A Practical Guide to the Terminal, Tools, and Reproducible Workflows
⚠️ Work in progress. This guide is being actively written. Chapters will be added, content will change, and typos absolutely exist. Feedback at this stage is especially welcome.
The PDF is automatically rebuilt every time the book is updated, so the link above always points to the freshest version.
Biologists who aren't computer scientists or bioinformaticians.
If you're a biology student who's been told to "just run this pipeline," a researcher trying to QC your own sequencing data without a dedicated bioinformatics team, or anyone in the life sciences who suspects the command line could save them hours of clicking — this guide is for you. It assumes no prior programming experience and tries hard not to assume you already know the jargon.
The book is organized into three parts:
- The Terminal. How to navigate the filesystem, read and search files, compose tools with pipes, manage processes, and edit text — without leaving the keyboard.
- Tools. Common bioinformatics file formats (FASTA, FASTQ, SAM/BAM, VCF), the core toolkit (samtools, seqkit, and friends), installing software cleanly with conda, and working on remote computers and HPC clusters.

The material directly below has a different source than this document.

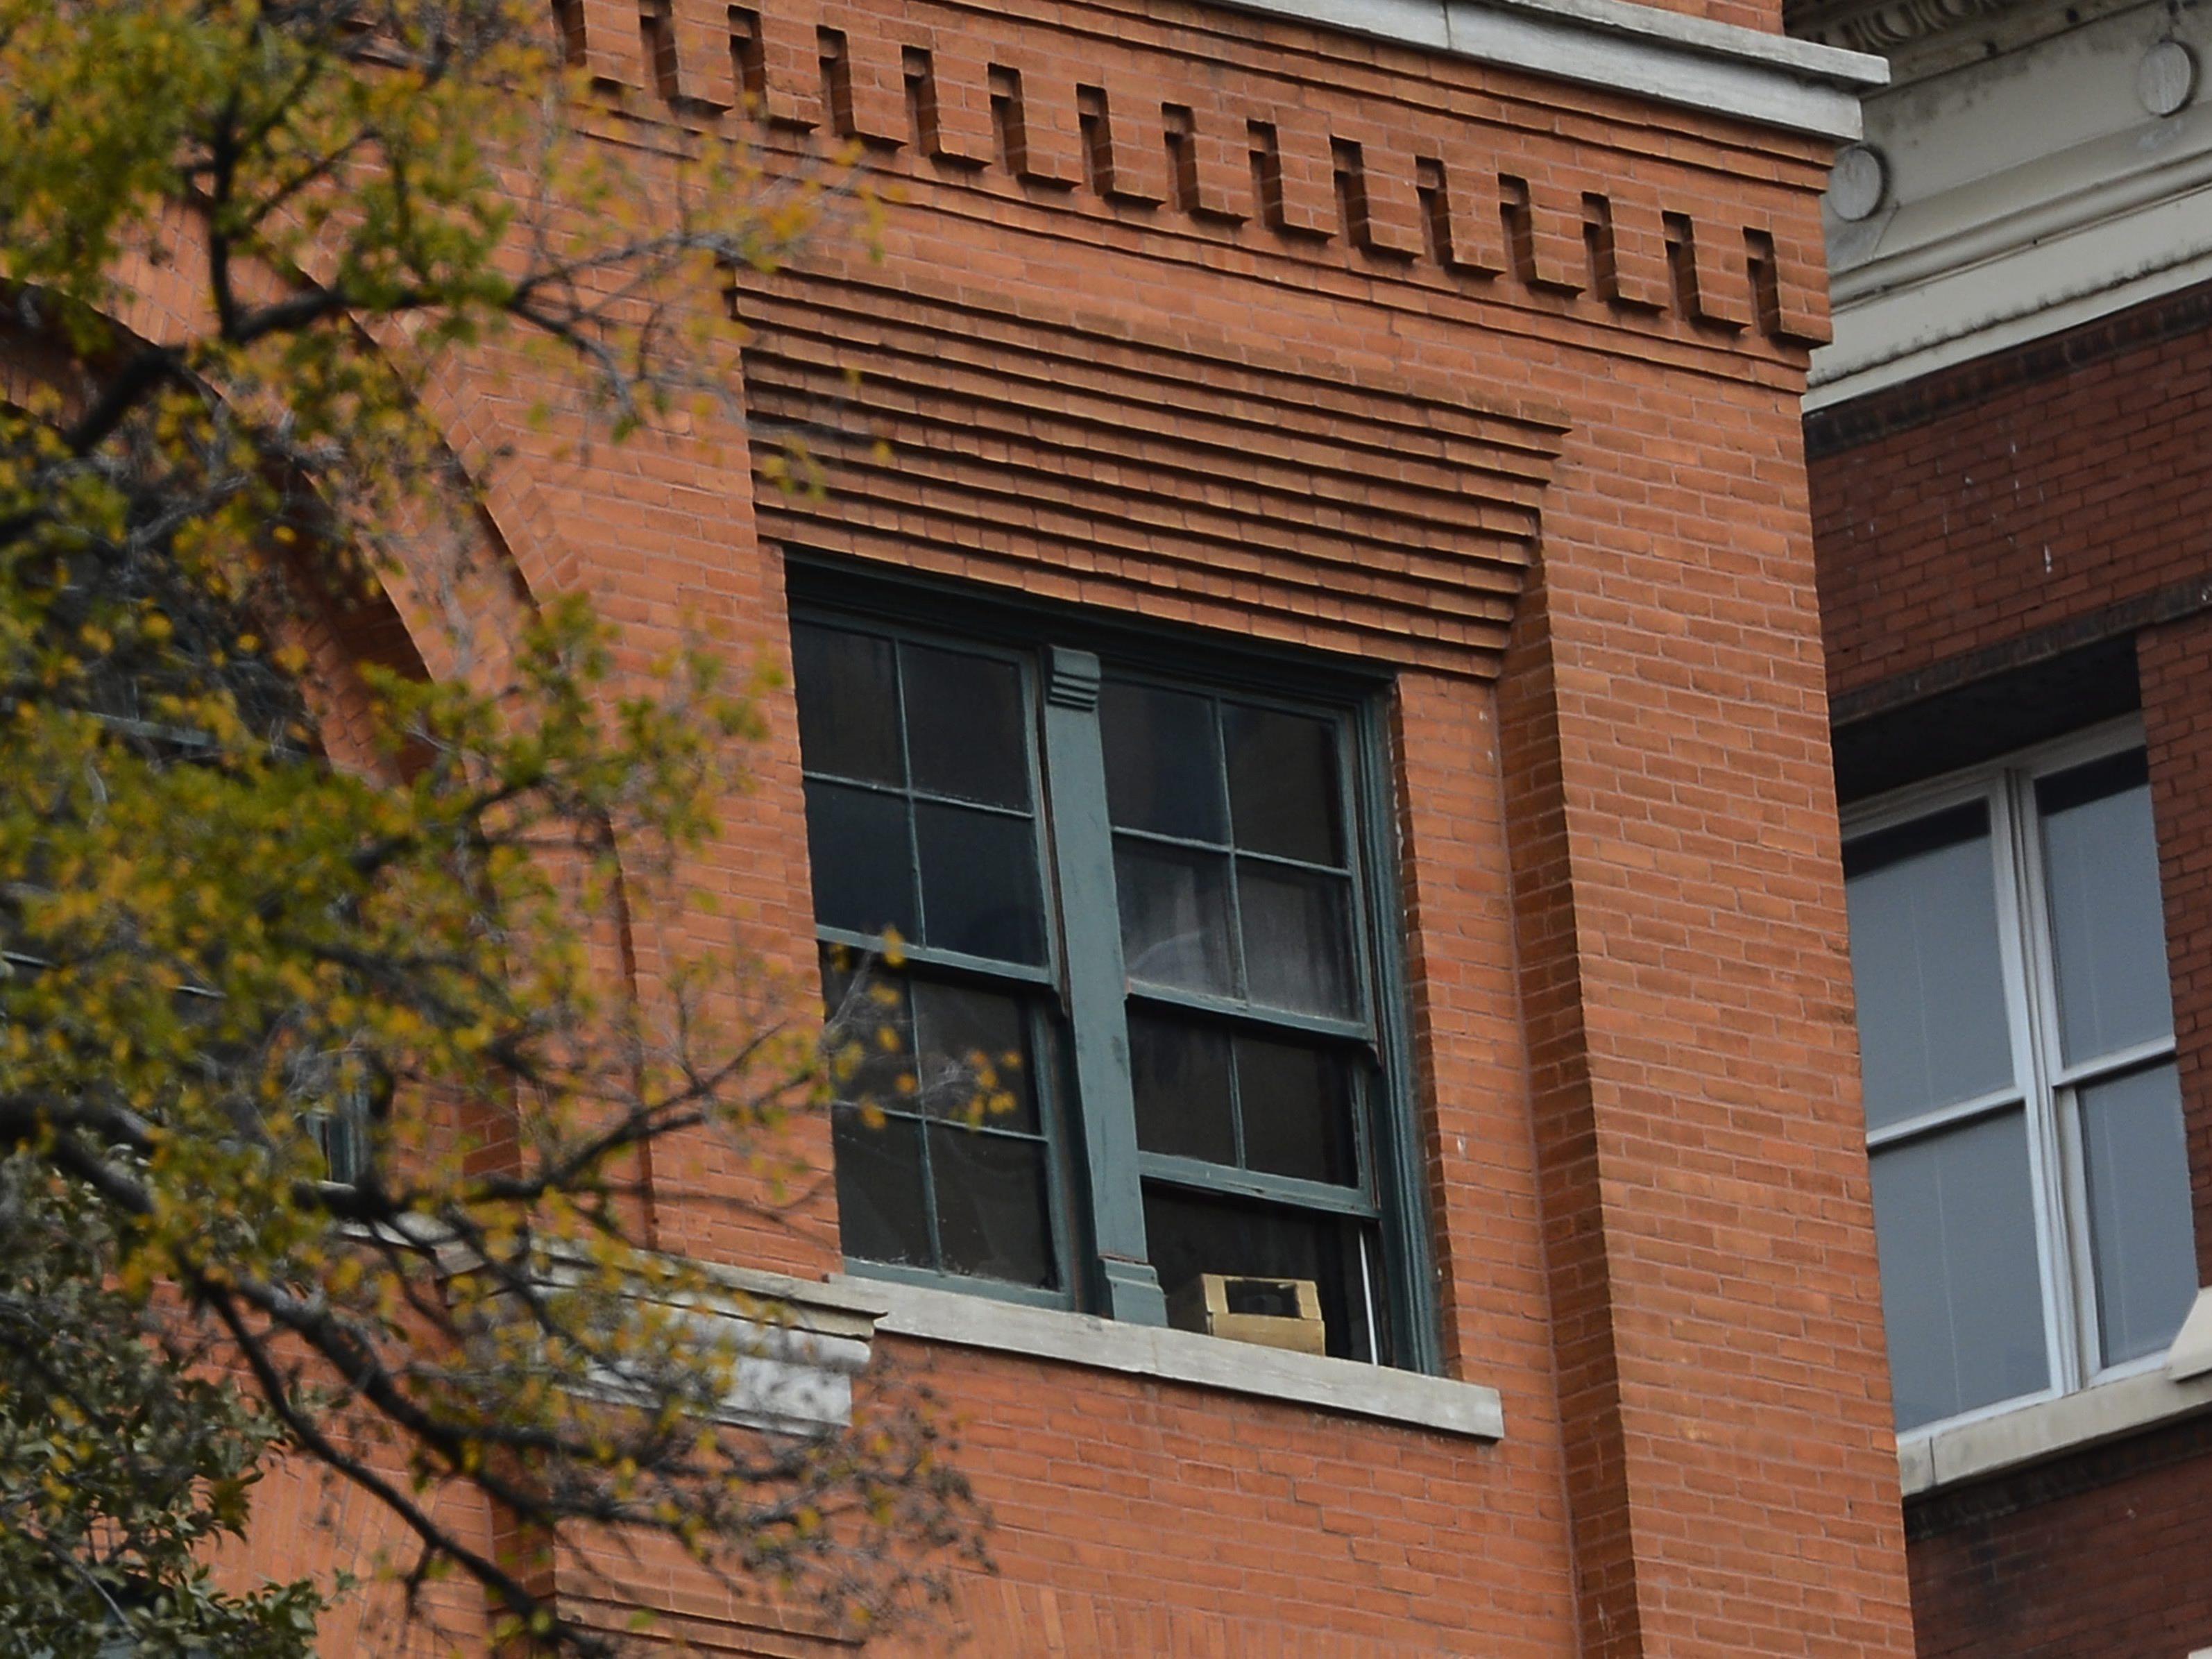 Der Blick vom "Sniper's perch": Aus diesem Fenster soll where Lee Harvey Oswald auf Kennedy geschossen haben.

- Reproducible Workflows. Shell scripting, organizing a project so future-you can find anything, version control with git, environment management, and a gentle introduction to workflow managers.
The detailed chapter list is still in flux — see the book source for what's actually written so far.
Spotted a typo, a confusing explanation, or a topic that would help? Open an issue — even half-formed thoughts are useful at this stage. If you'd like to suggest specific edits, pull requests are welcome too.
The book is written in LaTeX, drafted in Overleaf, and synced to this repository. Every push triggers a GitHub Actions workflow that compiles the source and attaches a fresh PDF to the latest release. If you'd like to build the PDF locally, see book/README.md for instructions.